The Lencer Laboratory studies the cell and molecular biology of polarized epithelial cells that line mucosal surfaces. These projects relate to how barrier epithelial cells interact with the luminal and sub-epithelial microenvironment, and to the biology of microbial pathogenesis and mucosal host defense.
One project aims to elucidate how apical membrane glycosphingolipids of barrier epithelial cells sense enterotoxin or virus binding to induce rapid degradation of the PARD6B/aPKC polarity complex and down regulation of the apical endosome - thus providing a form of innate and cell-autonomous host defense, independently of pattern-recognition, by blocking pathogen entry.
A second project aims to elucidate how the IBD-risk gene C1ORF106/INAVA acts in human intestinal epithelia to manage environmentally-induced cell stress, inflammation, and the integrity of mucosal surfaces.

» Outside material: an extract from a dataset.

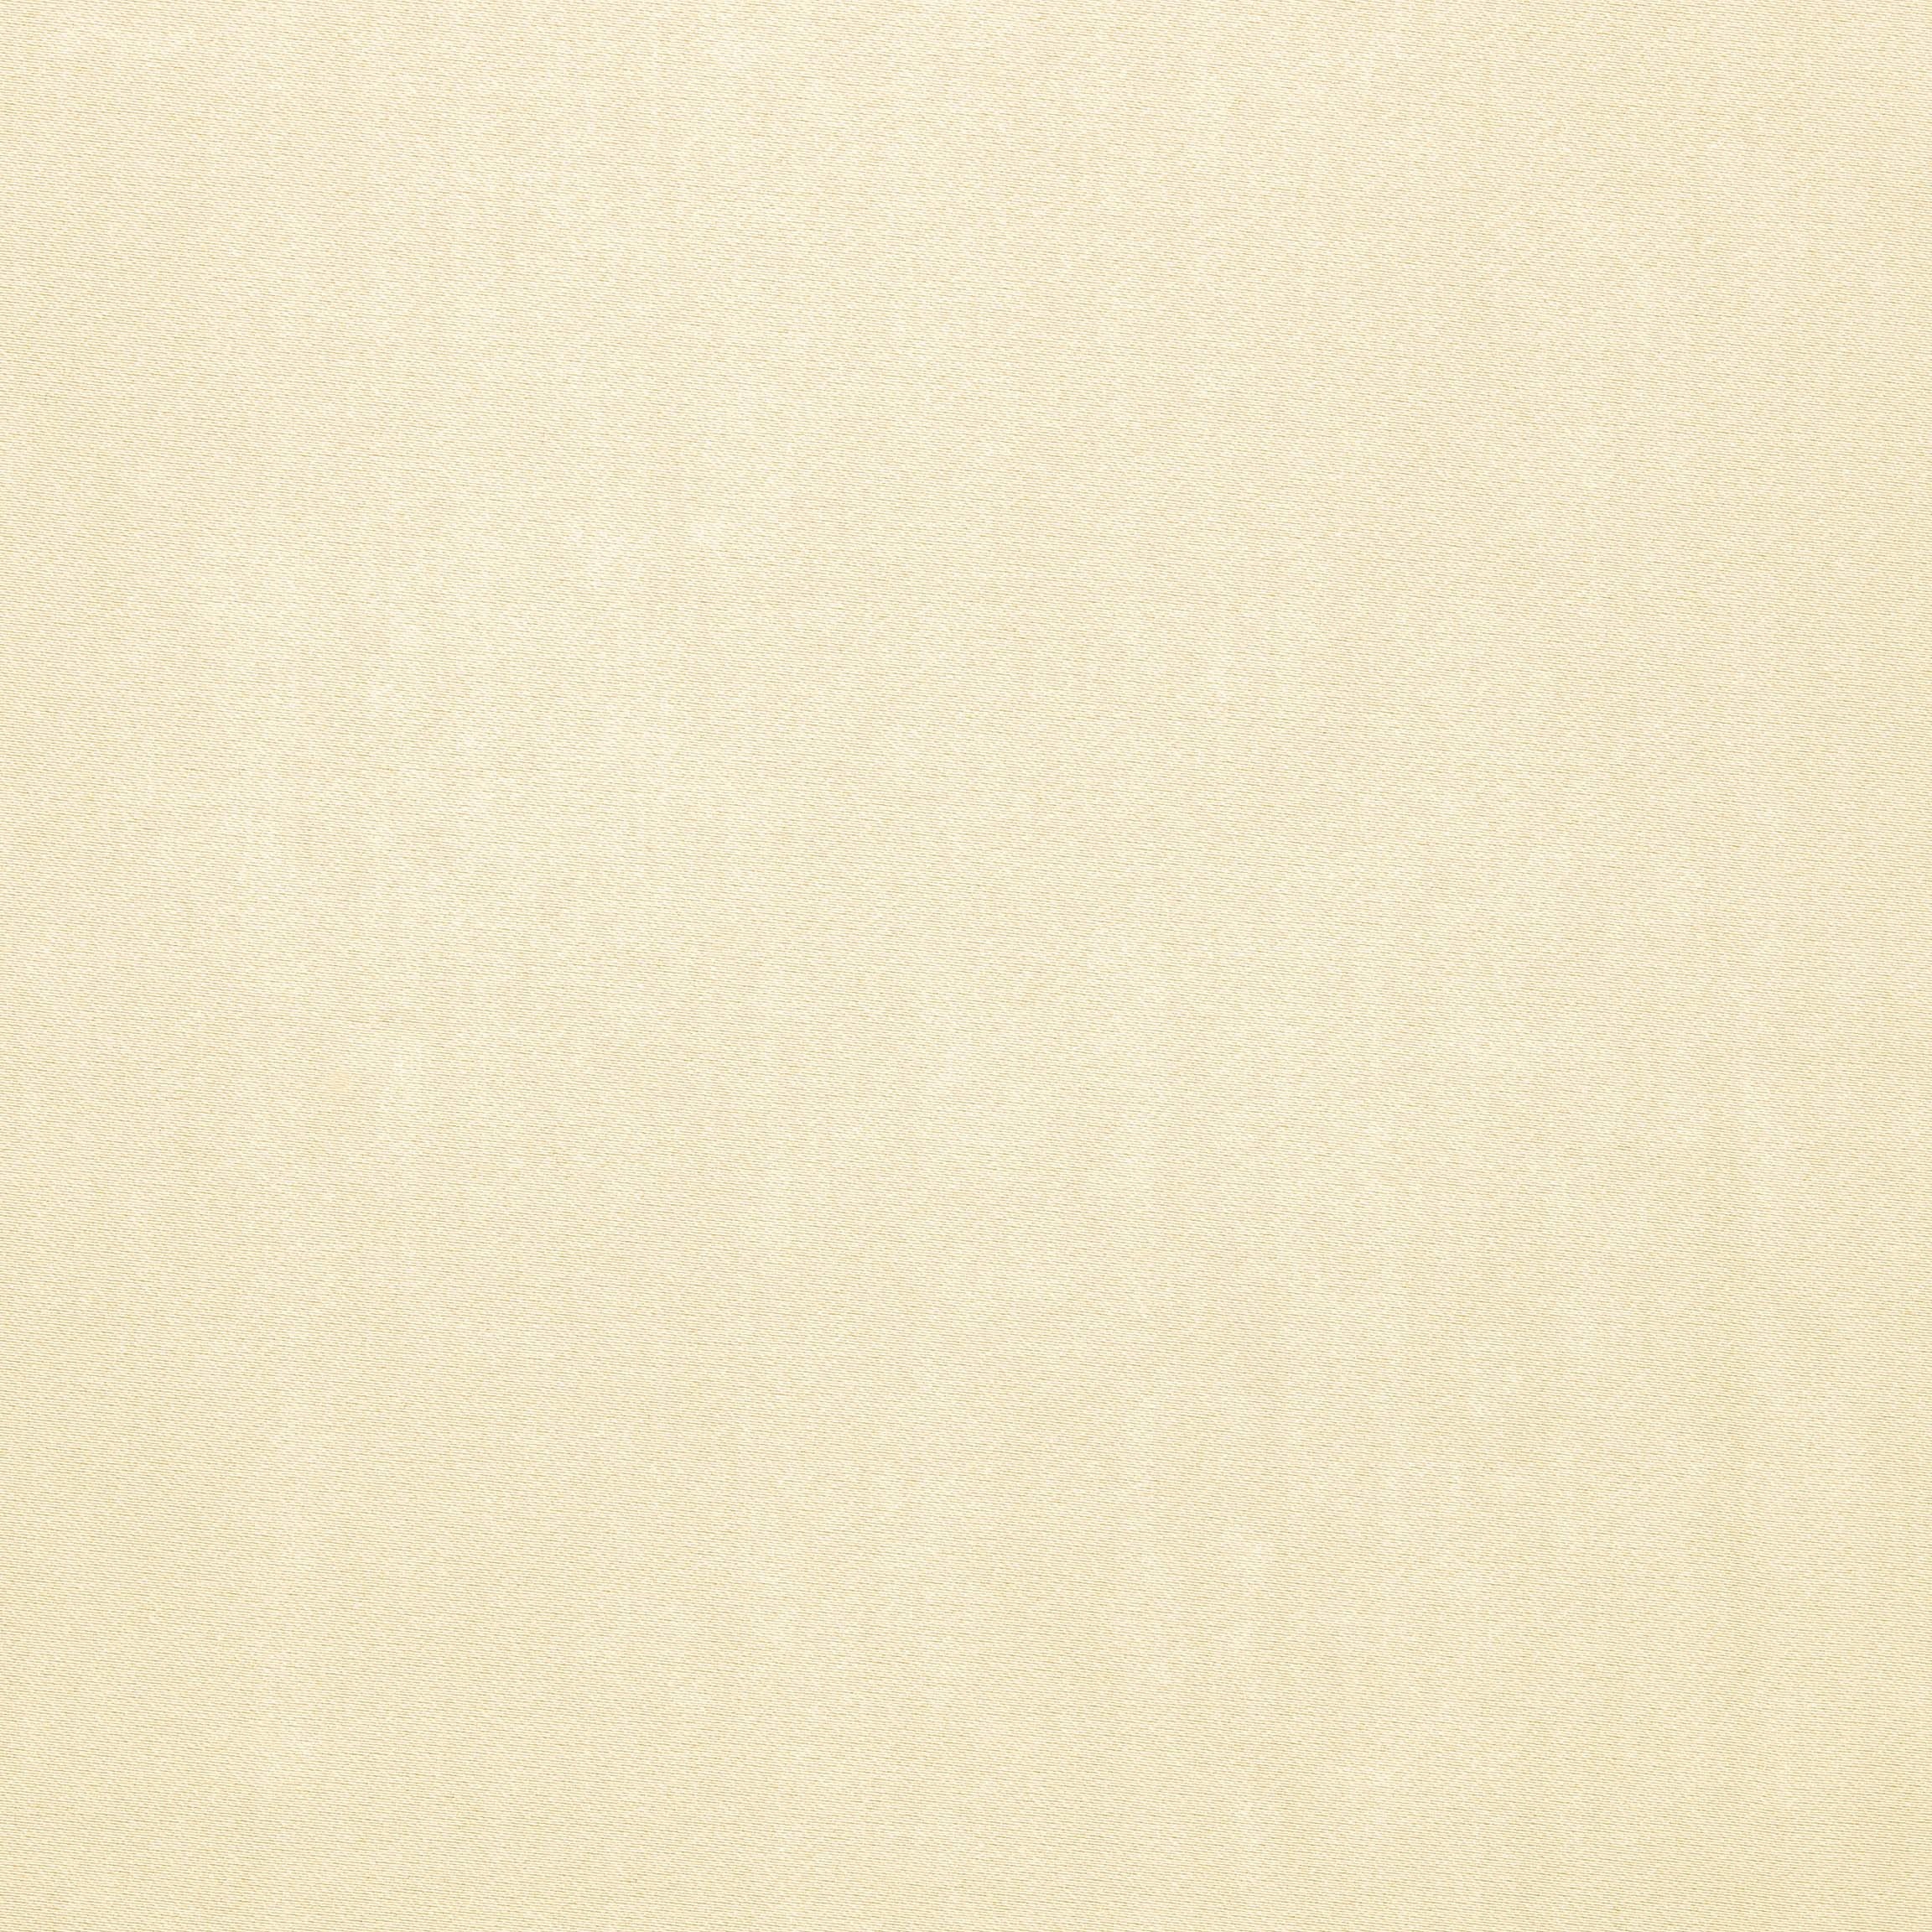  Портьерная ткань MONTREAL IVORY, ширина 280 см  - Фото

In a third area of current research, we focus on the endoplasmic reticulum (ER) stress sensors IRE1a and IRE1b and how they detect ER dysfunction to accommodate cellular stress, enable proteostasis, and contribute to innate host defense at mucosal surfaces.
Lastly, in a fourth area of research we study how gut microbes affect hunger, satiety and food choice.
Research in the following areas have led to 15 patent awards
The FcRn research program led to the founding of a Biotech company that was acquired by Biogen Idec and two novel biologics now FDA approved: Alprolix and Eloctate for treatment of hemophilia A and B.